Data shown>
▬▬▬▬▬▬▬▬▬▬
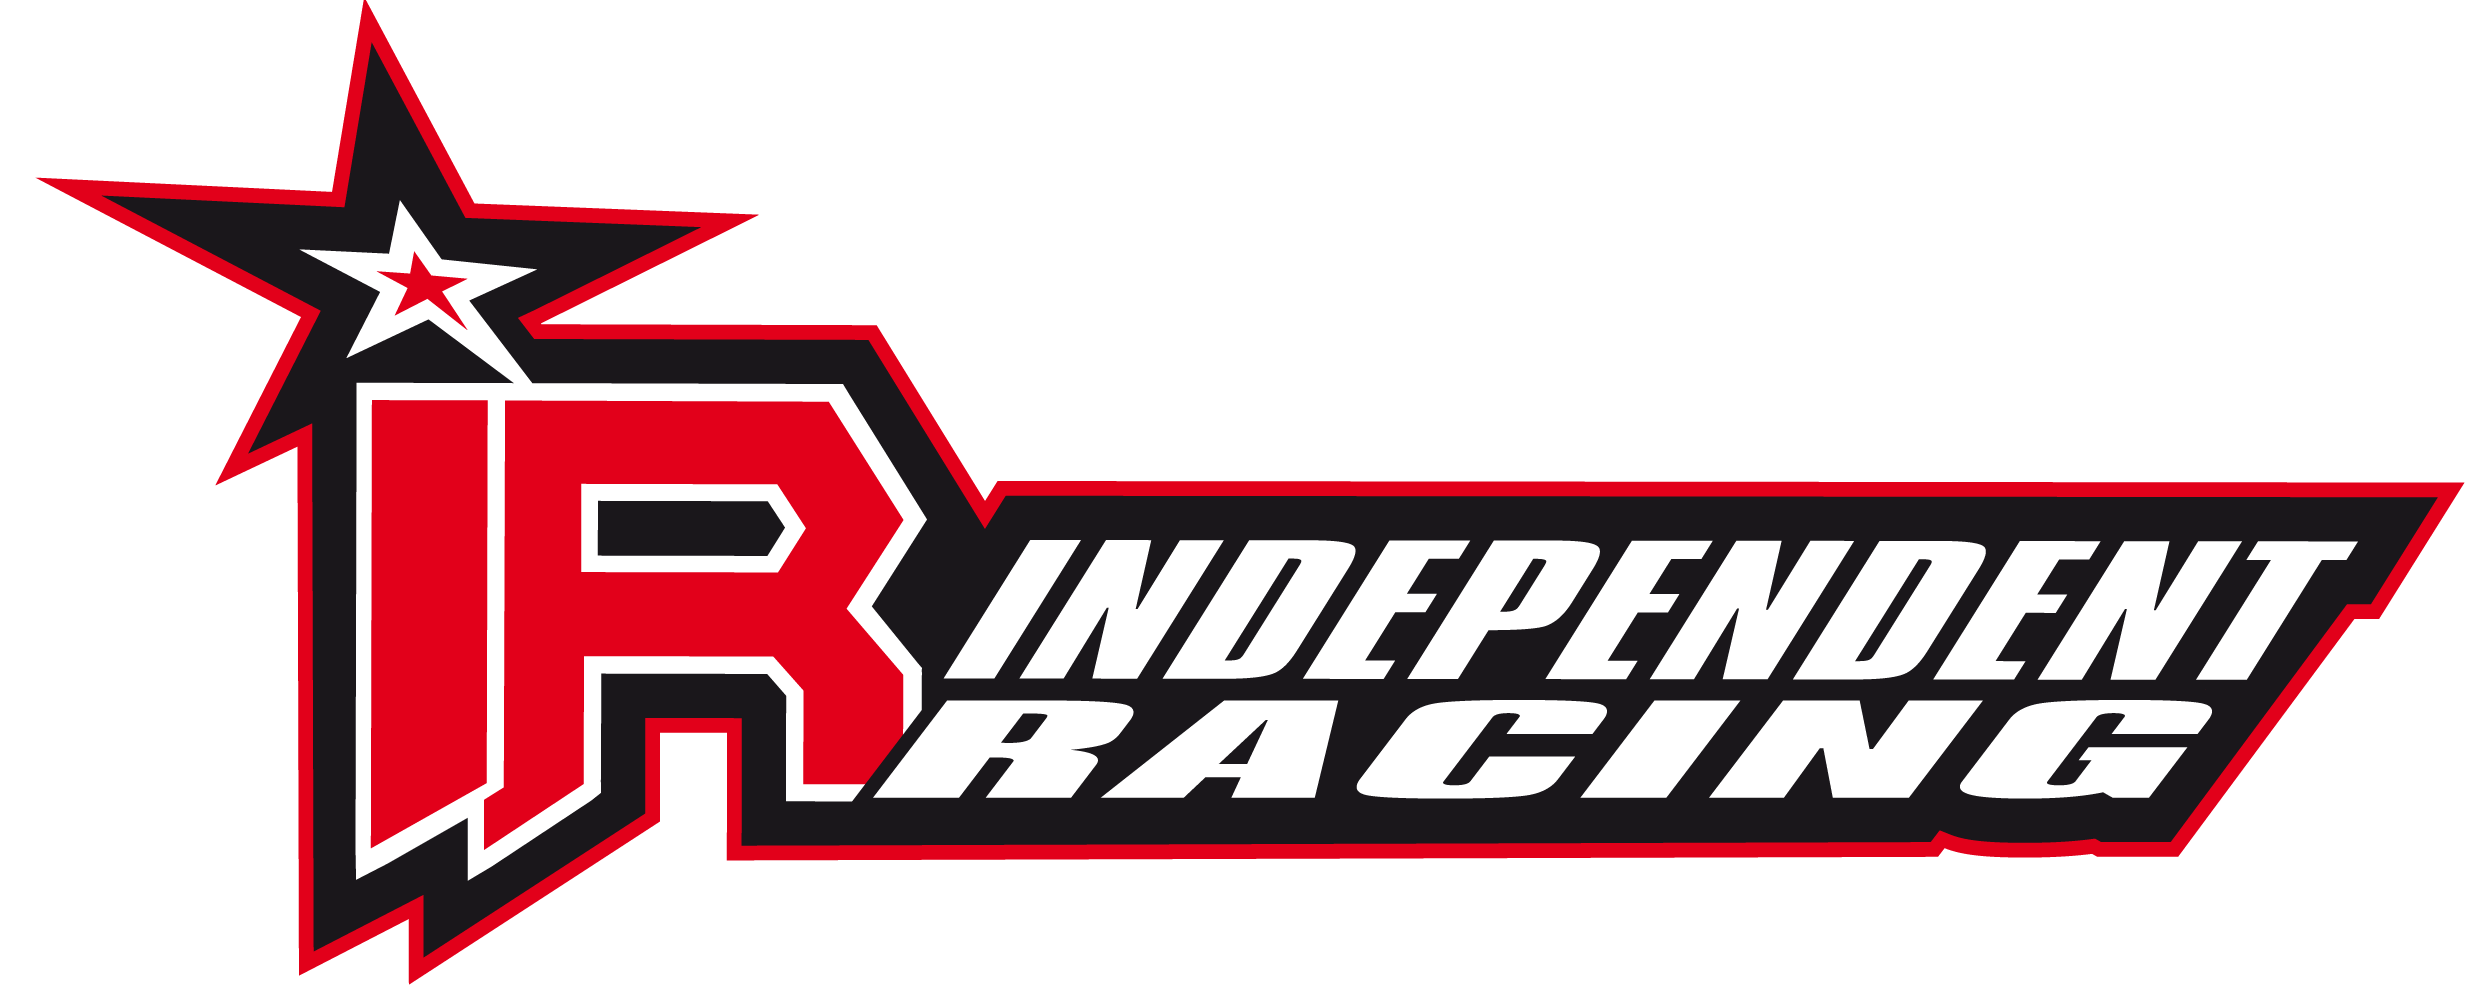 Red Racing Logo - Racing Cars: Racing Cars Logos
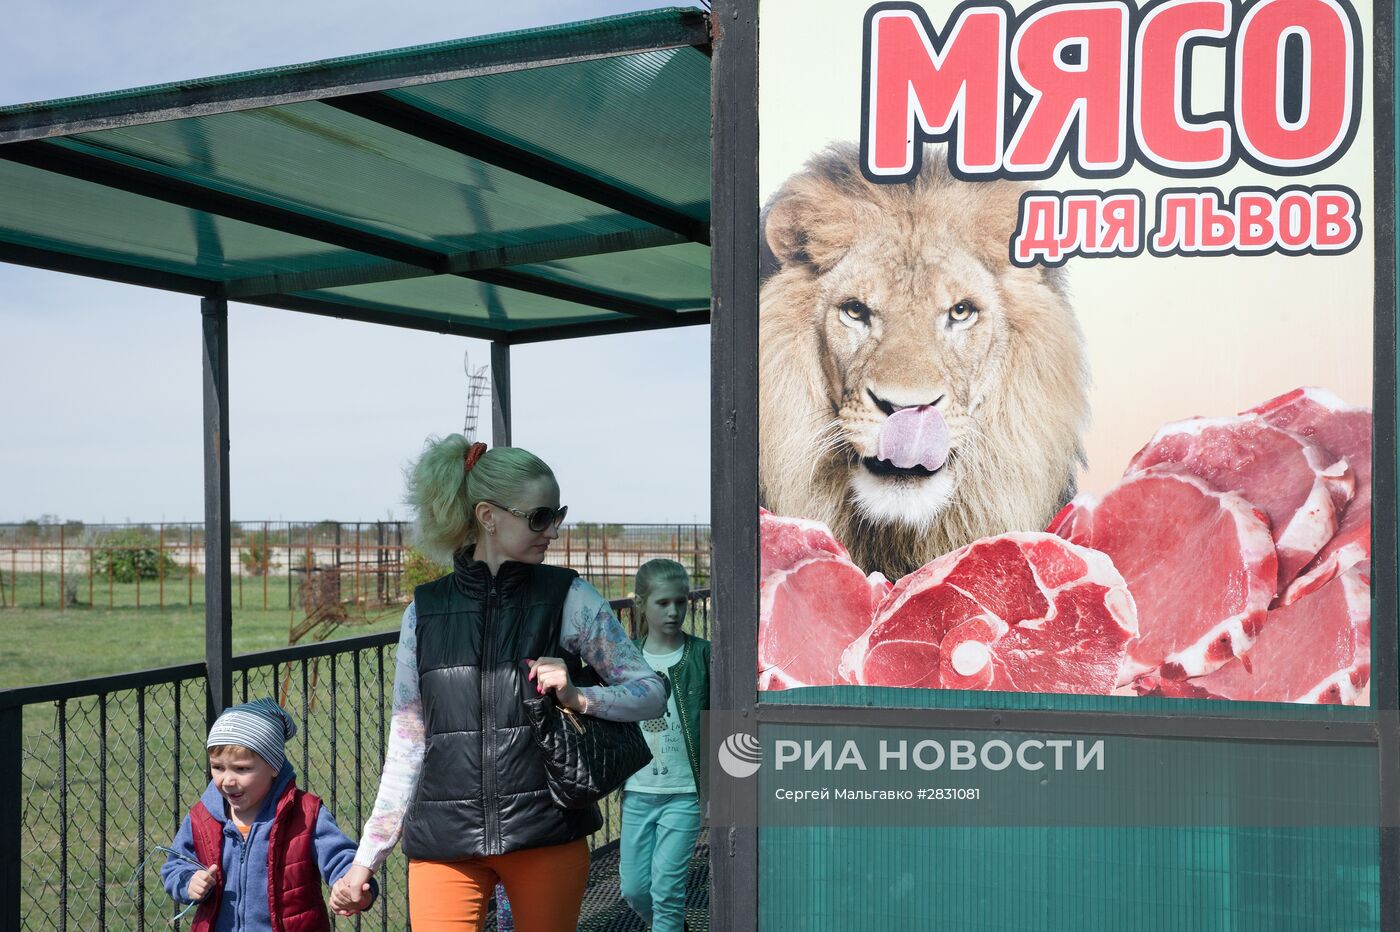 Выпуск львов в крымском сафари-парке "Тайган"
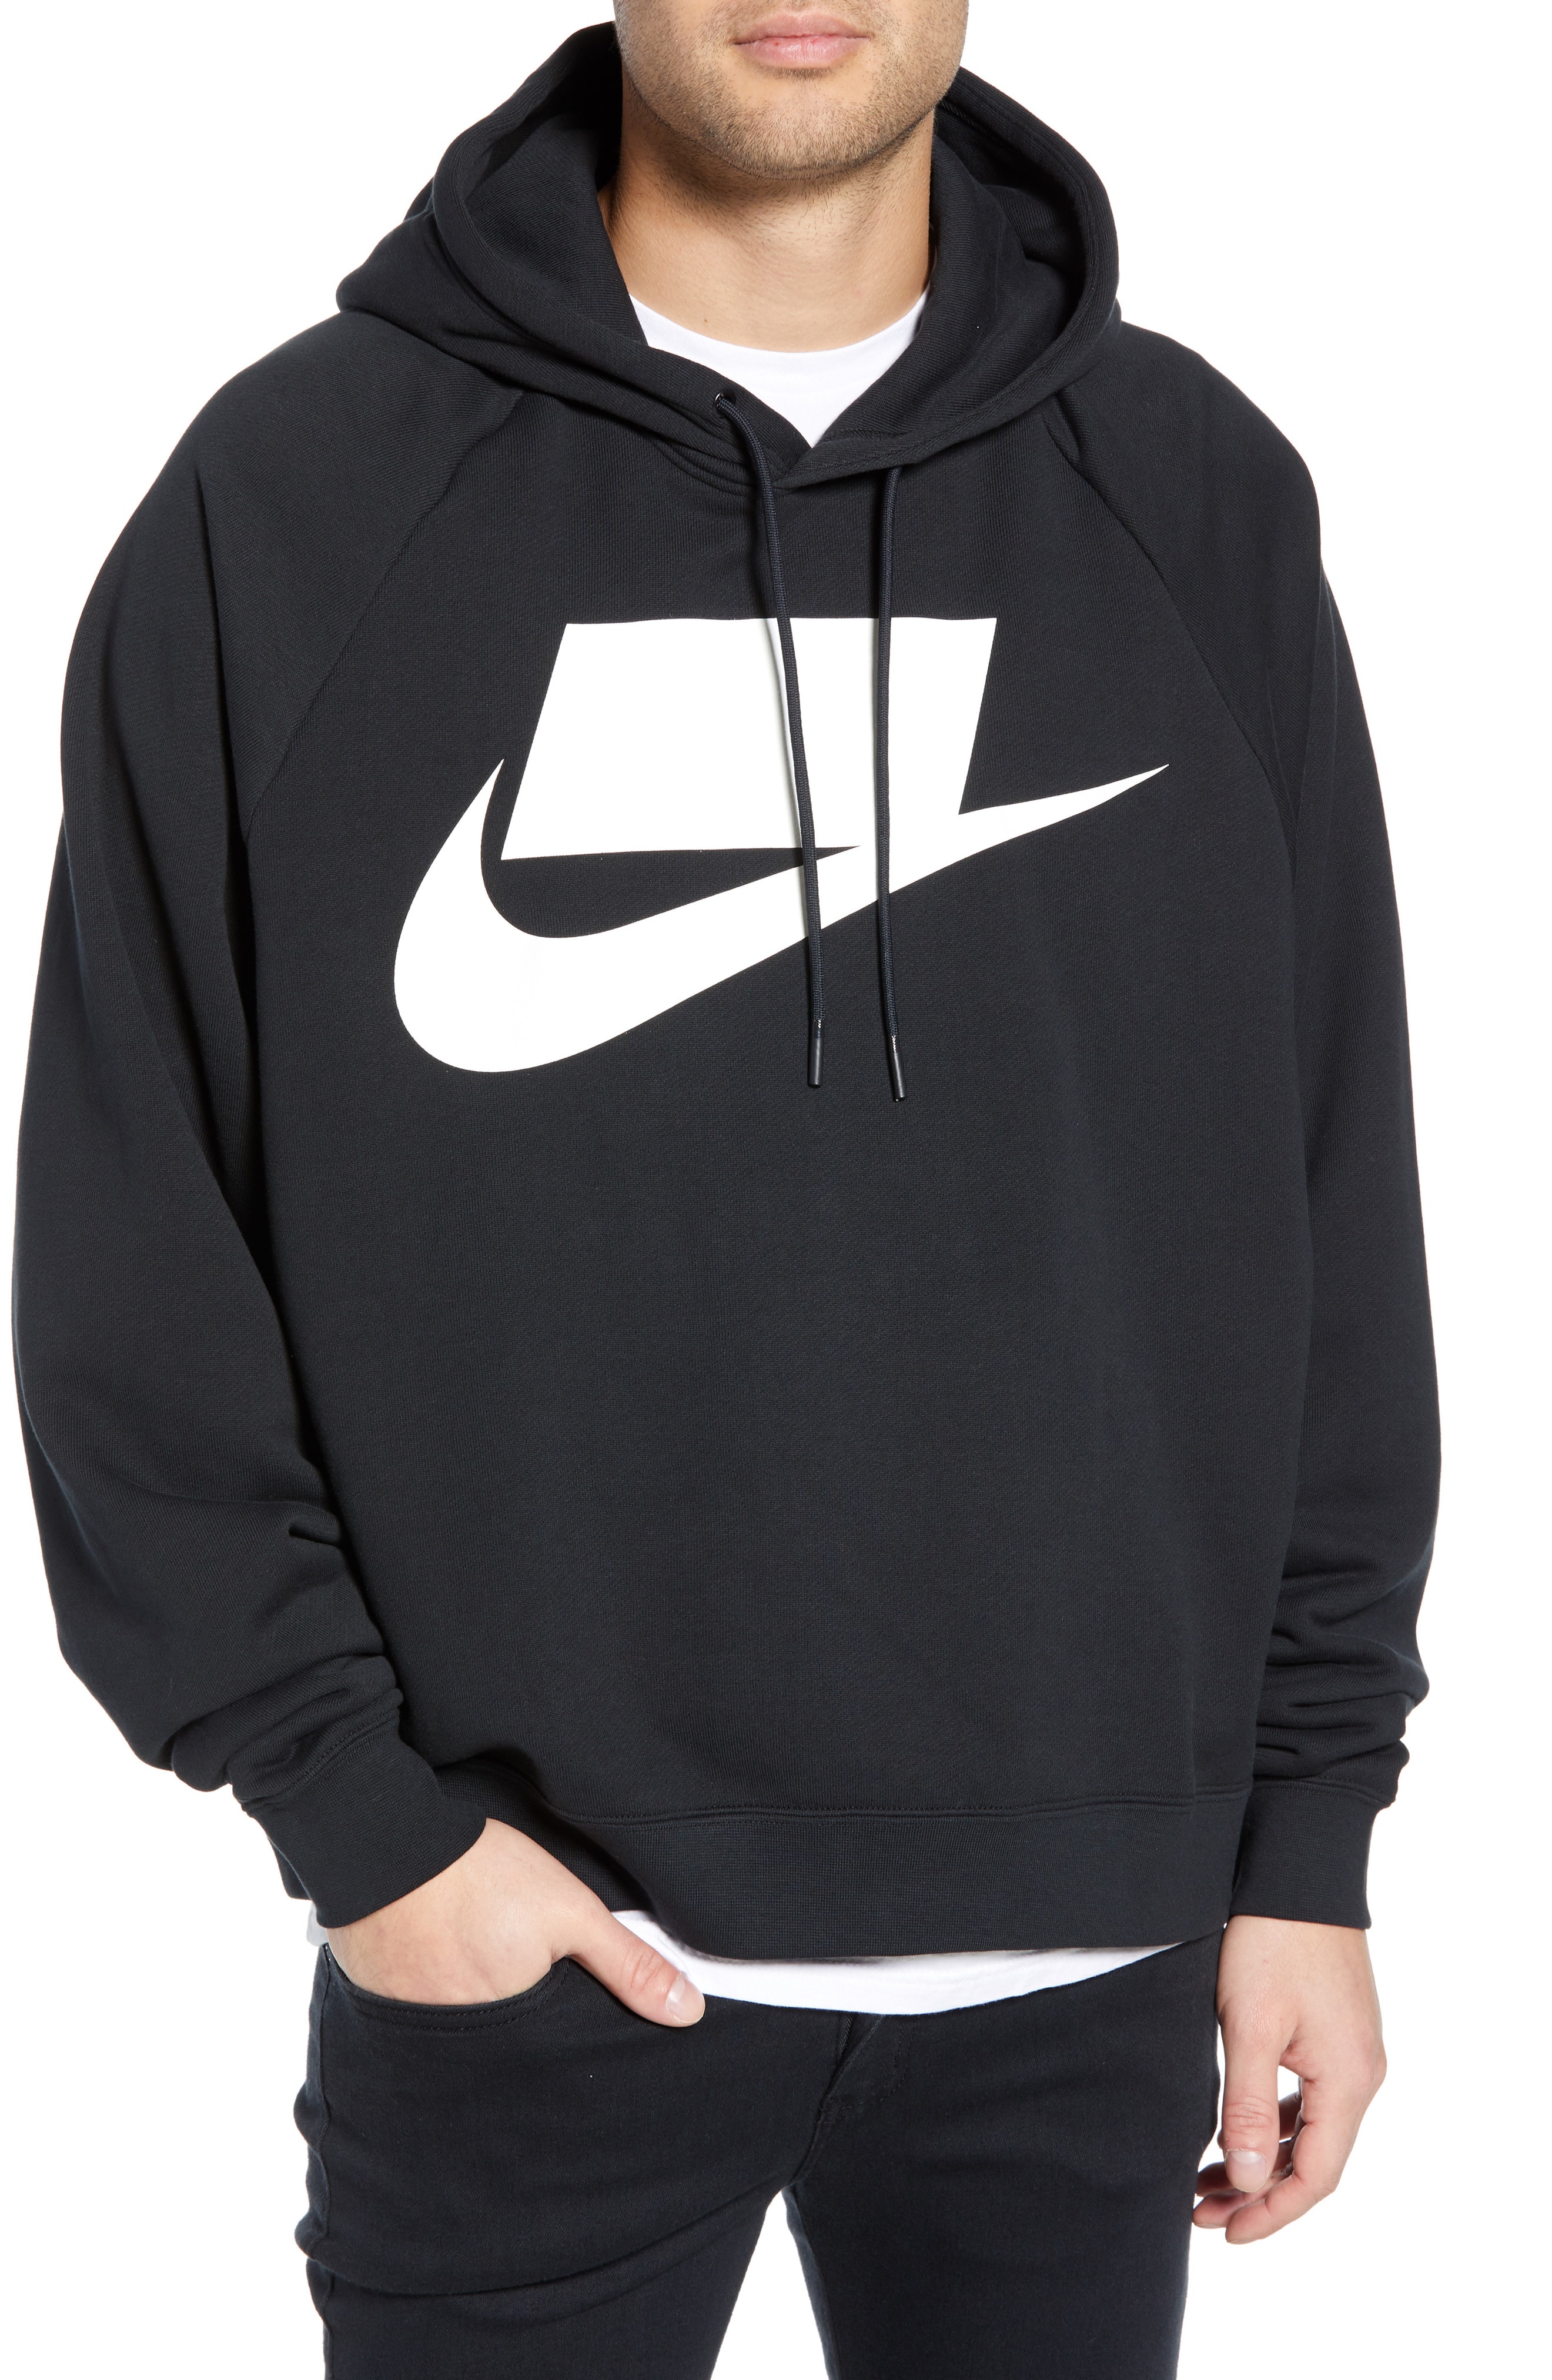 Men's Nike Hoodies & Sweatshirts | Nordstrom
▬▬▬▬▬▬▬▬▬▬
Required action> A word-for-word transcription of the listing is needed, minus its images.

Result below>
 Red Racing Logo - Racing Cars: Racing Cars Logos
 Выпуск львов в крымском сафари-парке "Тайган"
 Men's Nike Hoodies & Sweatshirts | Nordstrom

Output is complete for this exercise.